И удивительное дело, нигде, ни в одном месте, несмотря на многие следы схватки и насилия, не нашли мы ни единого мертвого тела жителей, павших под ударами нападавших, но загадочность сия была нам открыта далее и история явлена в полноте своей и жестокосердии полностью и отчетливо, как если бы мы читали хроники, написанные ясно и открыто на прочном коричневом египетском папирусе или же на лучшем арабском пергаменте, который только в Шахрисябзе выделывают из тонкой телячьей кожи, выбеливая и истончая ее между плоскими камнями усилиями многих рабов и во многом времени, отчего и цена такому товару сверх всякого разумения назначается, и установили мы с достоверностью, что вероломная жестокость была проявлена нашими же соплеменниками, которые оное время тому вышли в набег, нас бросивши на произвол судьбы, и не без тайной надежды никогда более за нами не возвращаться, а проживать свои жизни в свое удовольствие, как они понимали это своими мелкими душами, а именно, похищая имущество других и кровь несчастных проливая, питаться добычею своею неправедной и радоваться горю чужому, как величайшей радости, но только предполагать способен слабый человек над судьбою своею, располагает же господь, который долго терпит, да больно бьет. Испытывая же судьбу и благоволение его, не стоило бы нашим бывшим родичам забывать, что господь в благомудрии своем изощрен, но отнюдь не злонамерен, и свободу воли в человеке с особым намерением сохраняет, давая ему самому выбор предпринять и по своему разумению осуществить, тем самым либо в грехе и зле погрязнув, либо жизнь праведную вести и в меру сил гармонию мира не разрушать. И вот, они выбор свой на собственный манер произвели, необдуманно и высокомерно полагая себя самих превыше остального всего, и расплата последовала вослед неминуемо.

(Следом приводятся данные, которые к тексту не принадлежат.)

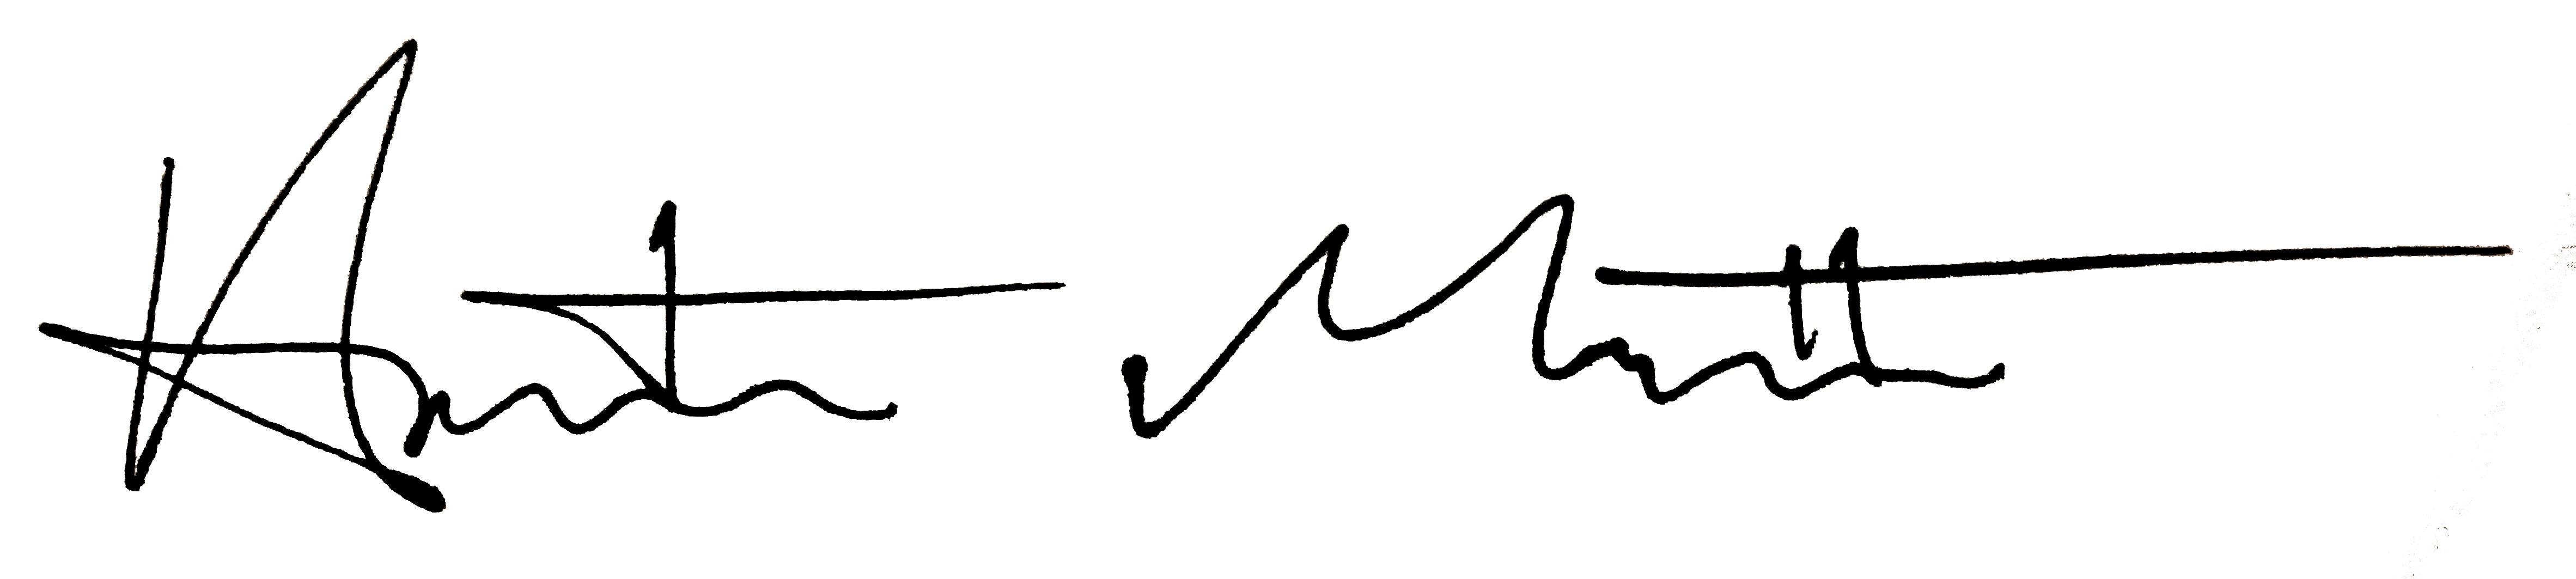 Austin Matthew Signature

Справедливость же не есть некая категория, присущая лишь изумленному человеческому разуму, и более ничему, а есть некая сила неизвестного свойства, пронизывающая в виде невесомой и неощутимой эманации весь подлунный мир, включая самые тайные и заведомо сокрытые закутки его, что позволяет ей неожиданно проявляться там, где пространство этой силы злостными усилиями человека нарушено или искажено. Свойство же этой эманации в том, что она принуждена от природы заполнять собою весь мир, хотя и не могу утверждать, что сия сила дееспособною остается в небесных сферах, ибо не в силах людских птицами в небо взмывать и там человеческие дела творить, и такое заполнение происходит однородно с полнейшей равномерностью, особенную же нетерпимость и желание восстановления проявляя к местам, где таковая эманация отсутствует. Поелику же лишь человек способен эманацию сию извратить, исказить или полностью выжечь, так что дыры и отверстия в ее едином теле образуются, так и восстановление ее с неизбежностью происходит в местах, где жестокости, насилия и иные несправедливости совершаются, и этот процесс характеризуется всеобщностью и постоянством, однако же порой многого времени требует, ибо неправедного в наши дни много весьма, а суть эманации одинакова и постоянна есть, и по этой причине не следует на превратности судьбы да на долгое восстановление справедливости пенять. Ведь и густой мед, из которого ложку почерпнули и изъяли, не сразу обозначившуюся пустоту заполняет, а лишь известное время спустя, что соответствует всеобщему природному закону.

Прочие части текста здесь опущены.